## DATASET EXTRACT
━━━━━━━━

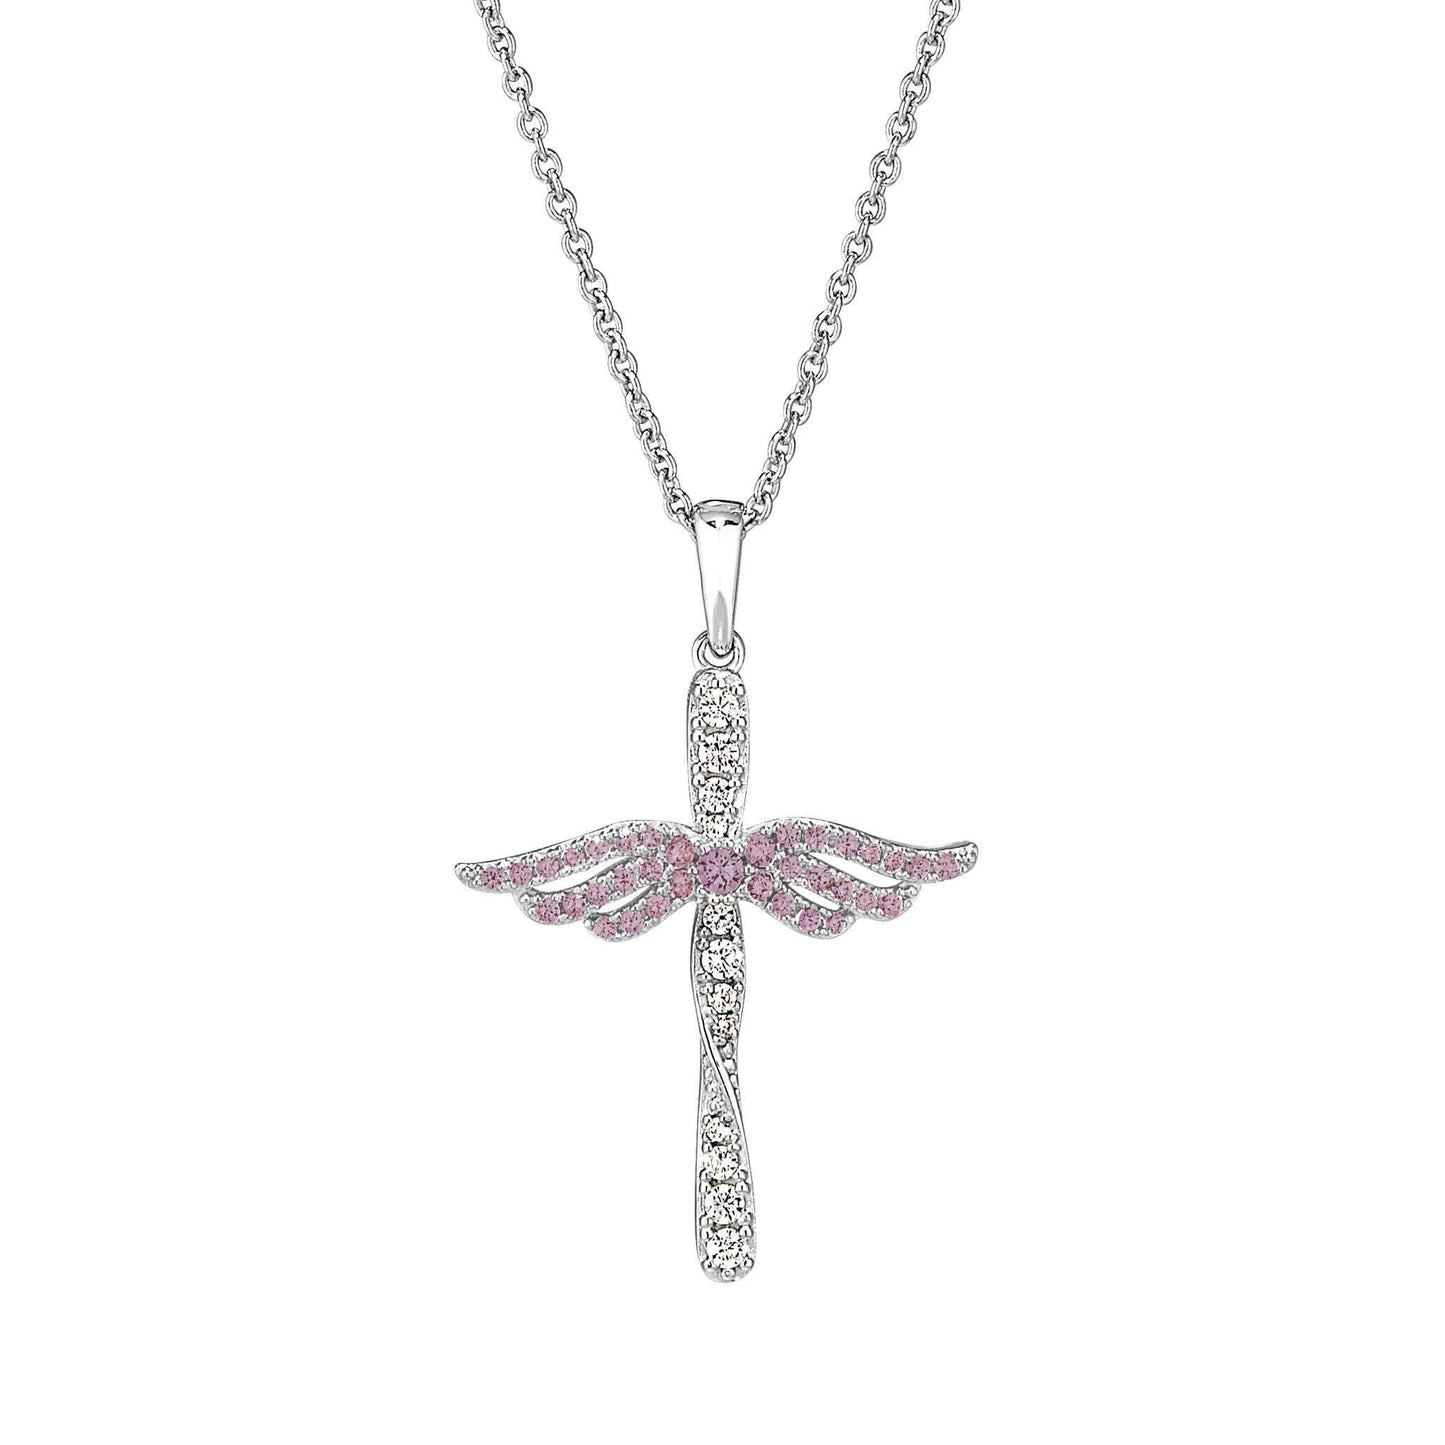 A simulated gemstone & diamonds cross with angel wings displayed on a neutral white background.
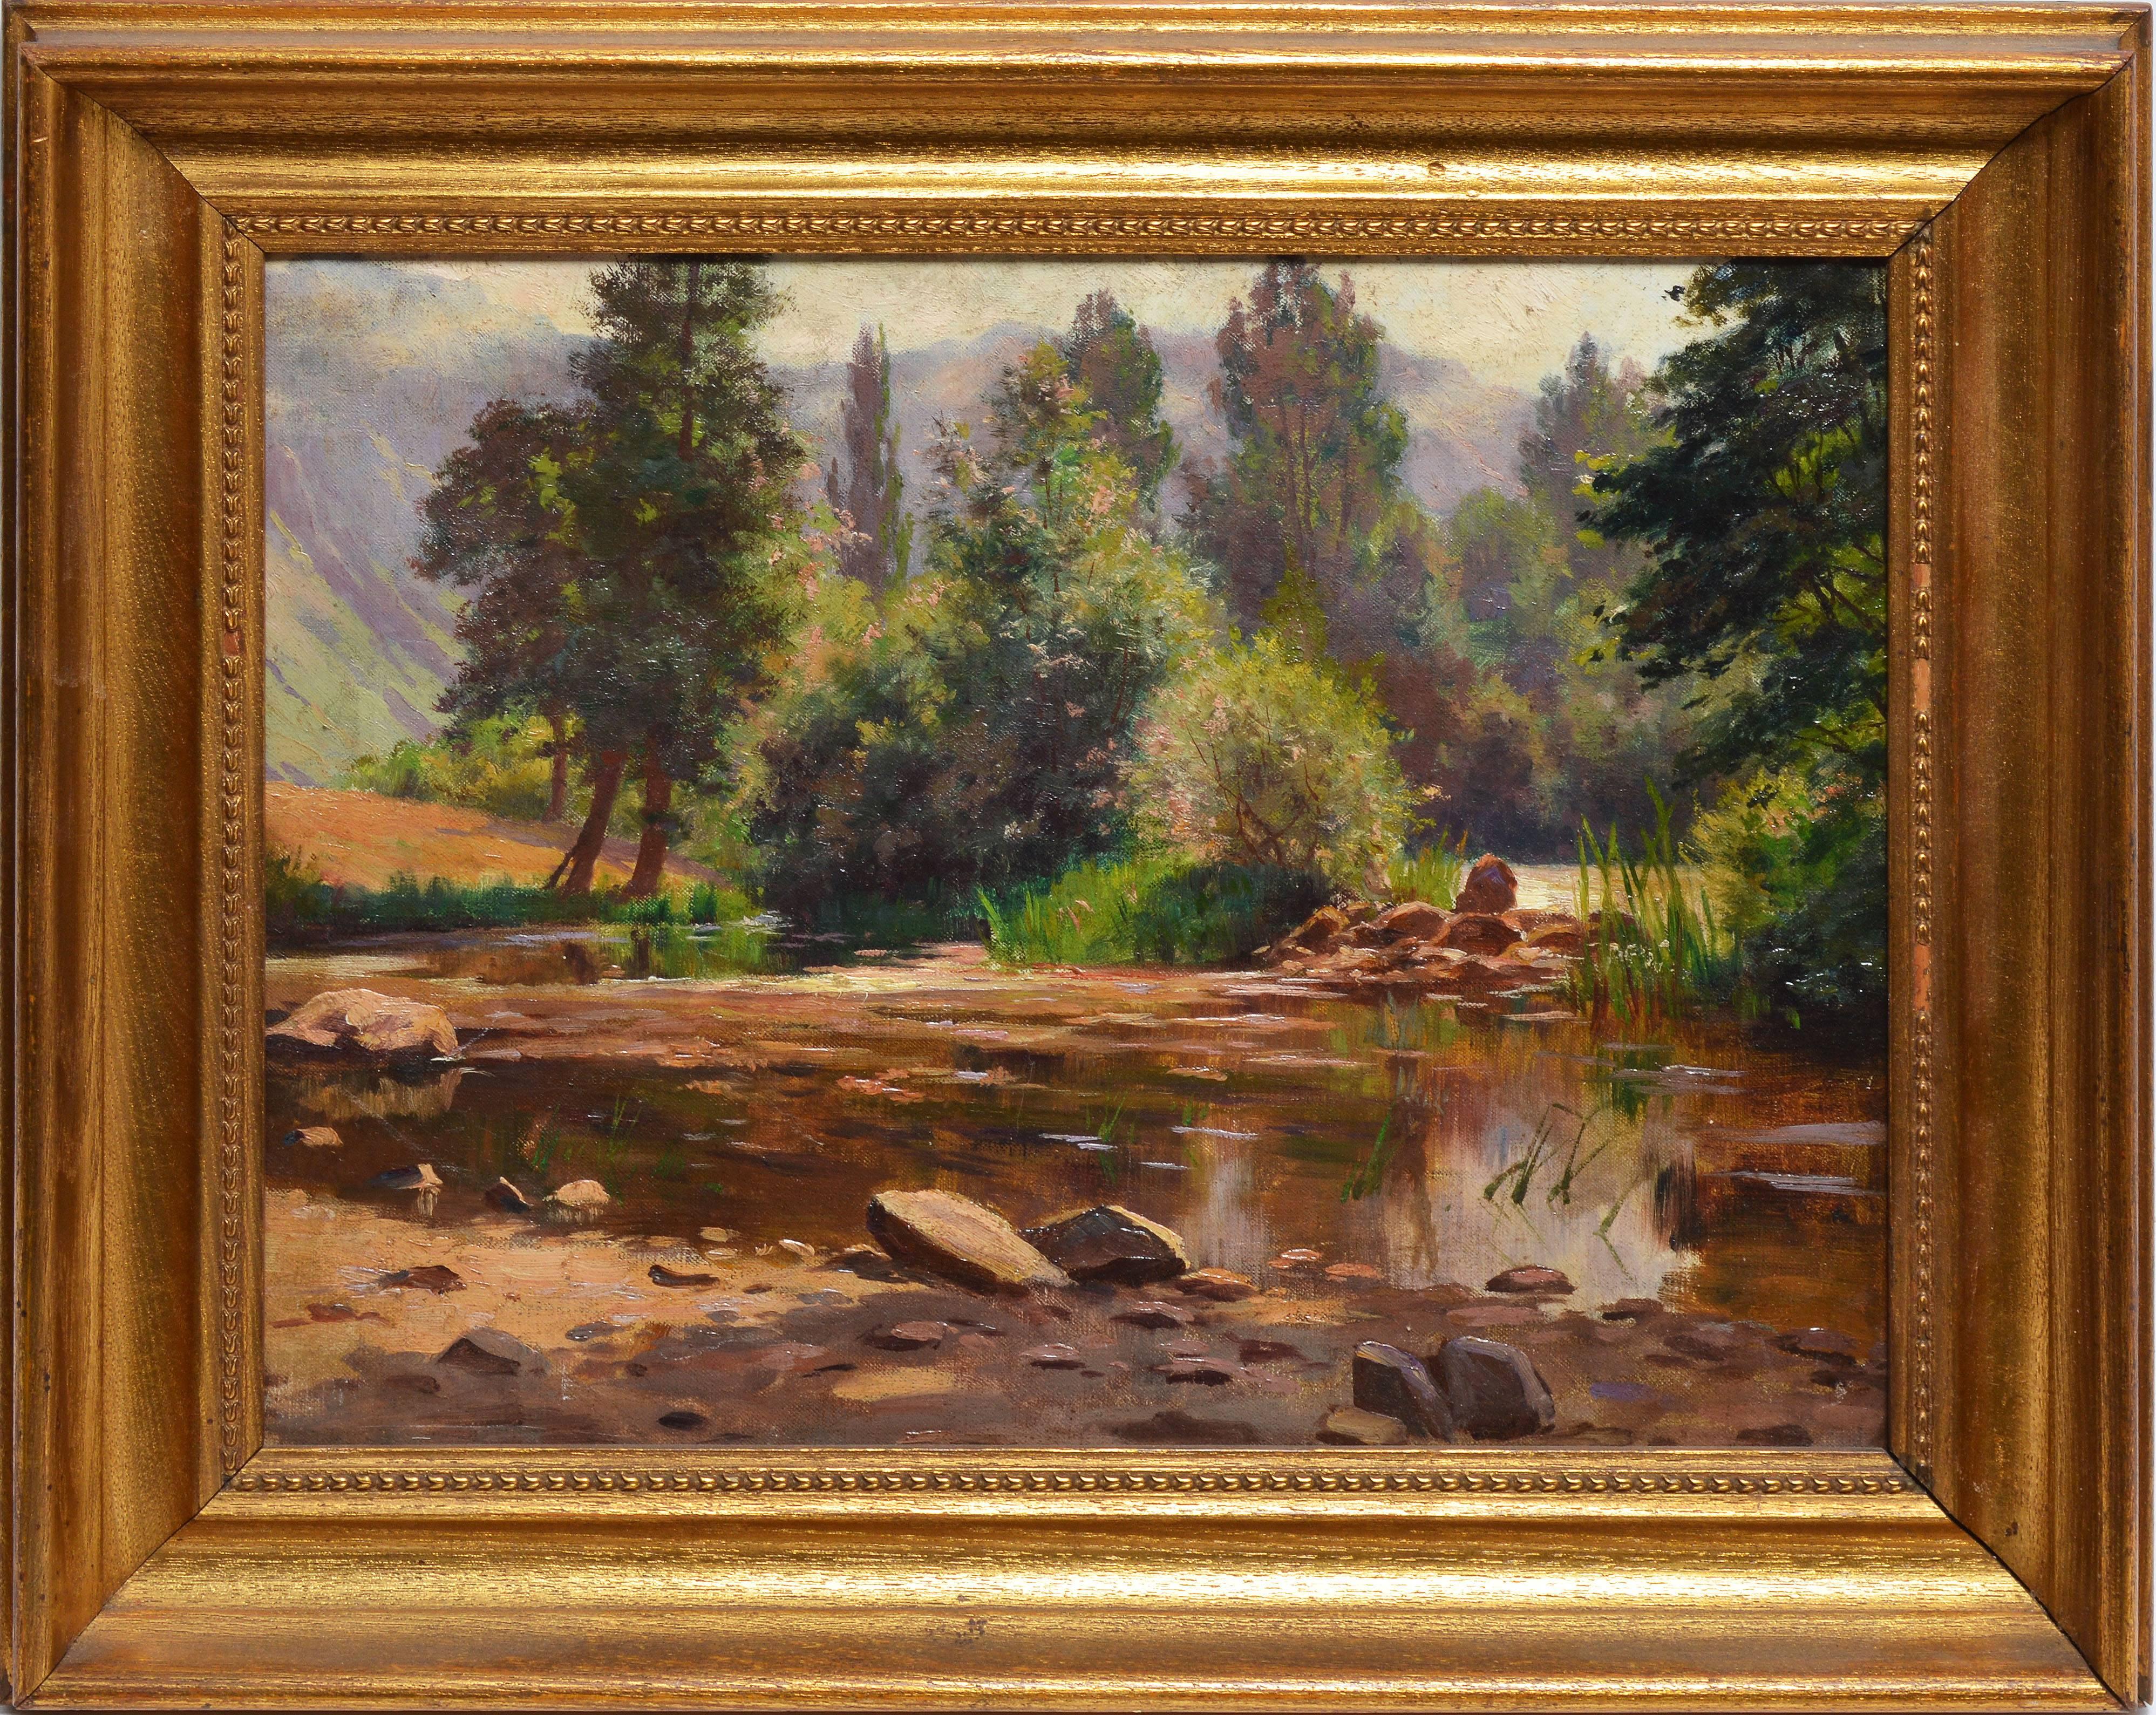 Unknown Landscape Painting - Secluded Forest Landscape Antique Hudson River School Oil Painting
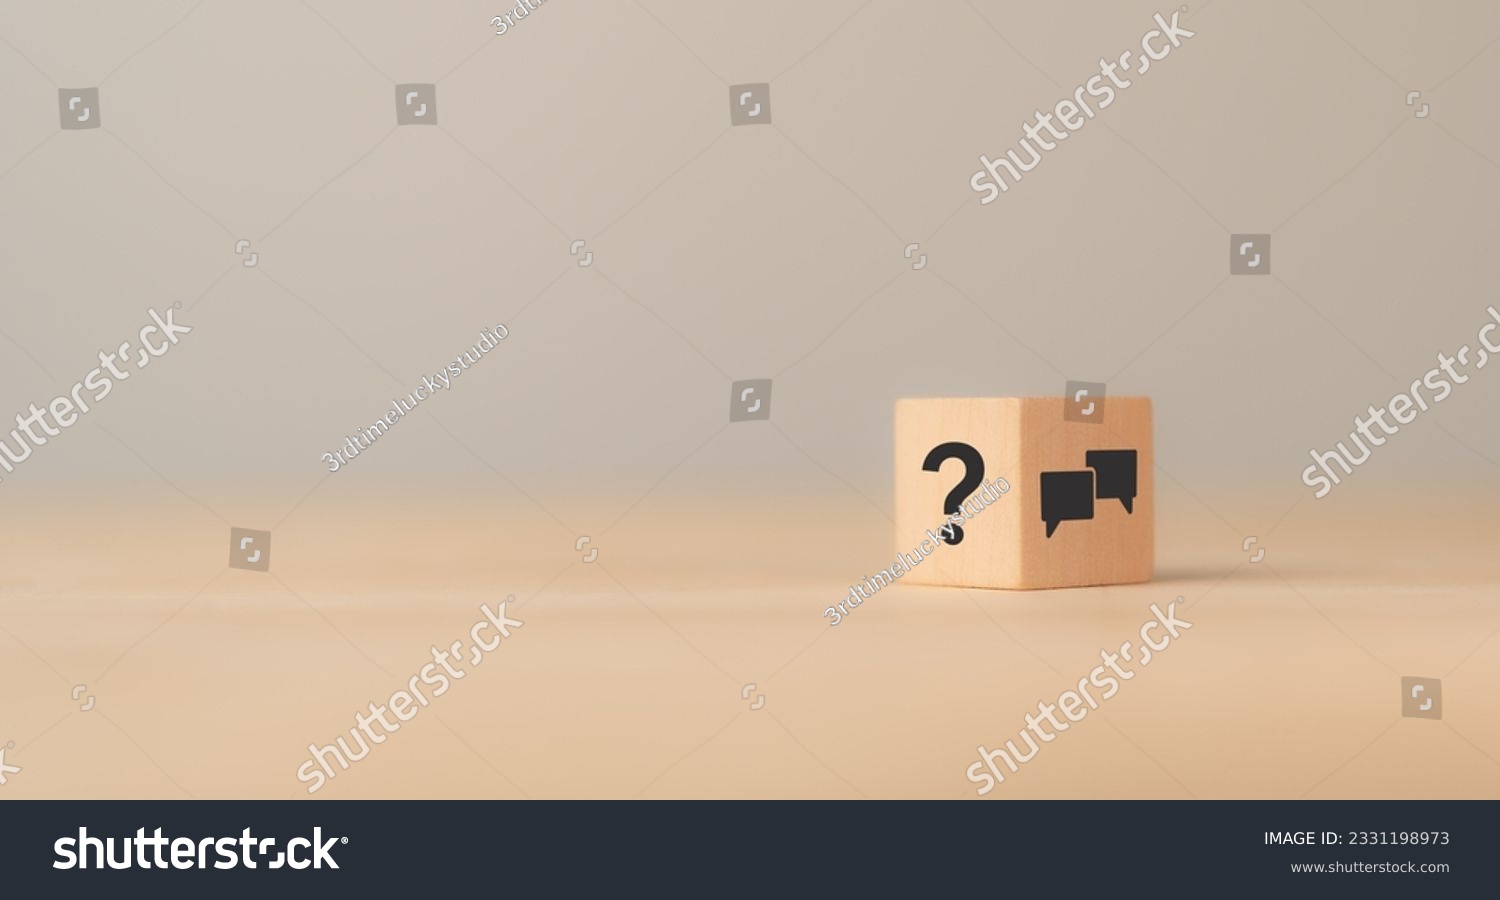 Q and A concept. Q and A symbols on wooden cube block on a grey background. Illustration for frequently asked questions concepts in websites, social networks, business issues. Recommendation concept. #2331198973

━━━━━━━━

Return the data exactly as it stands, minus the pictures.

## TASK RESULT
 A simulated gemstone & diamonds cross with angel wings displayed on a neutral white background.
 Unknown Landscape Painting - Secluded Forest Landscape Antique Hudson River School Oil Painting
 Q and A concept. Q and A symbols on wooden cube block on a grey background. Illustration for frequently asked questions concepts in websites, social networks, business issues. Recommendation concept. #2331198973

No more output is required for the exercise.